Different Wipers Identified in South Korean Cyber Attack

Our analysis of Trojan.Jokra, the threat which recently caused major outages within the Korean Broadcasting and Banking sectors, has produced another wiper.

Security researchers the past few days have been discussing the wiper component found in this Trojan, specifically different wiper versions and the timings involved.
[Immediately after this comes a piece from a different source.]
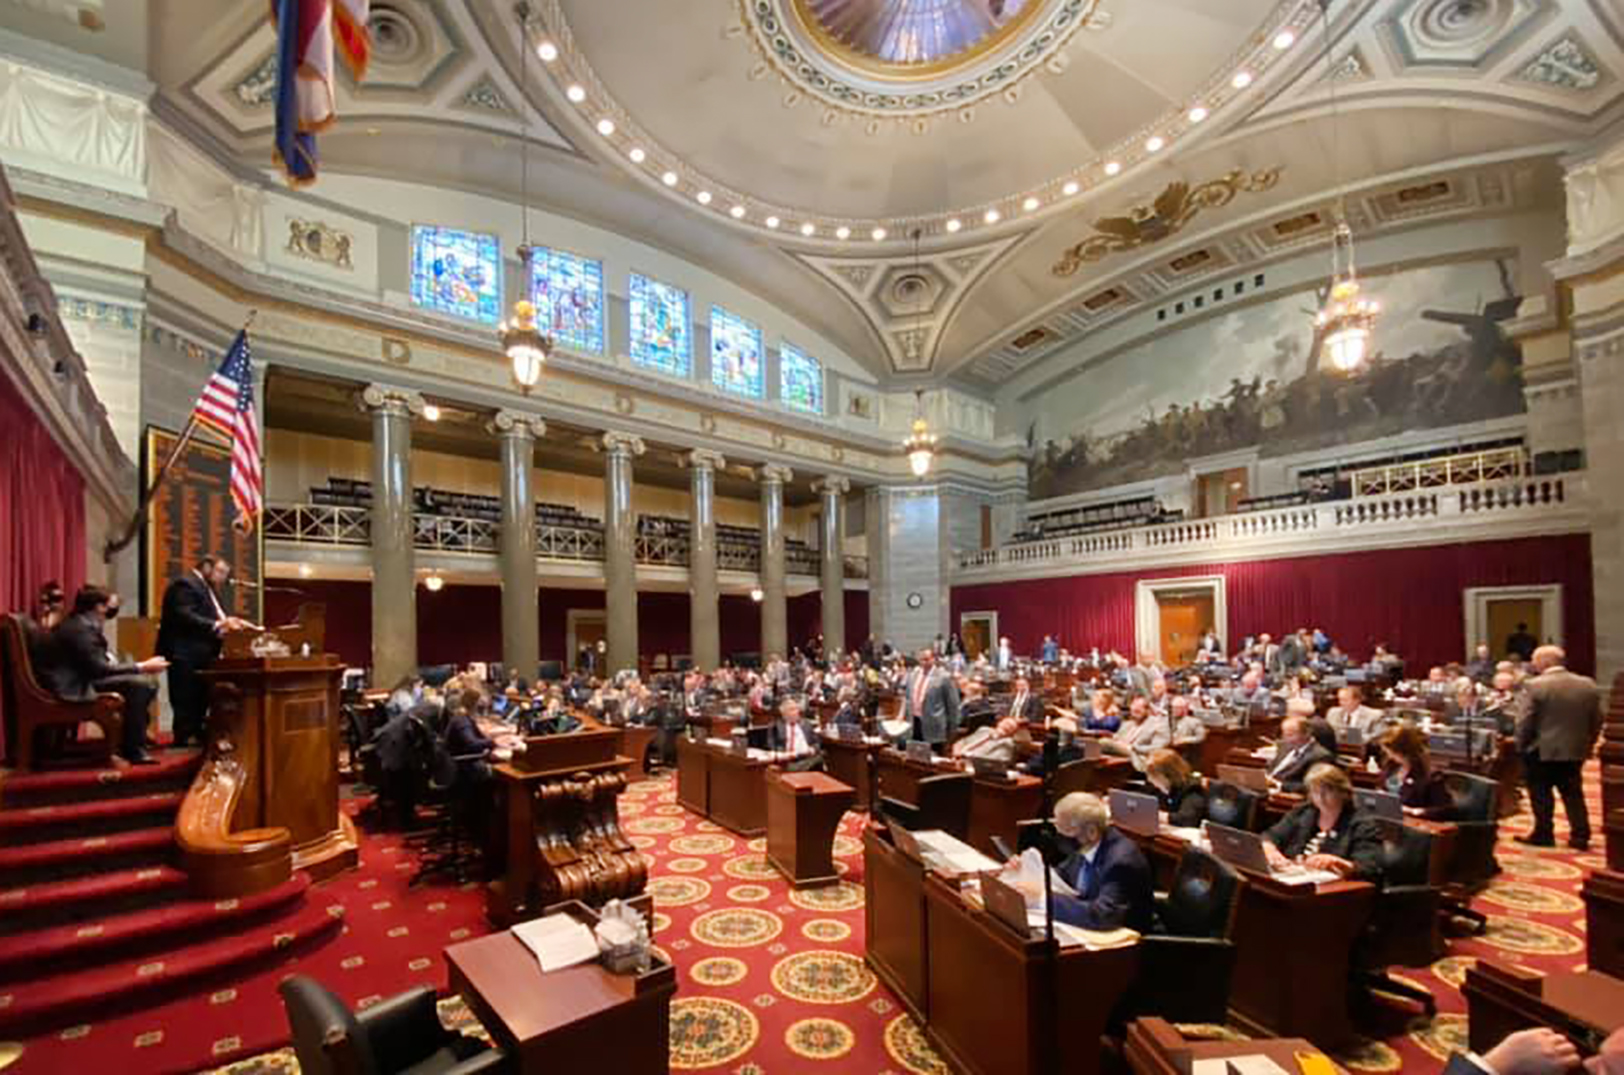 Missouri House advances pro-entrepreneur bill that would lower taxes on self-starters

We have seen the following strings used in four different variants:

  • PRINCIPES
  • HASTATI
  • PR!NCPES
  • HASTATI and PR!NCPES in combination
  • PRINCPES

Three wipers are packaged as a position-independent executable (PIE) and a fourth as a dynamic-link library (DLL) injection. There are also some differences in regard to the timing.
 

table1.jpg

Table. Trojan.Jokra wipers
 

Two of the wipers were instructed to immediately wipe upon execution. Another was instructed to wipe specifically at 2 PM on March 20, 2013. We have recently come across another sample (530c95eccdbd1416bf2655412e3dddb) that wipes at 3 PM on March 20, independent of year.
 

image1.jpg

Figure. Trojan.Jokra wiper countdown
 

To ensure that your machine is protected from Trojan.Jokra and other threats, please ensure that your computer has the latest patches installed and that you have the most up-to-date antivirus definitions installed.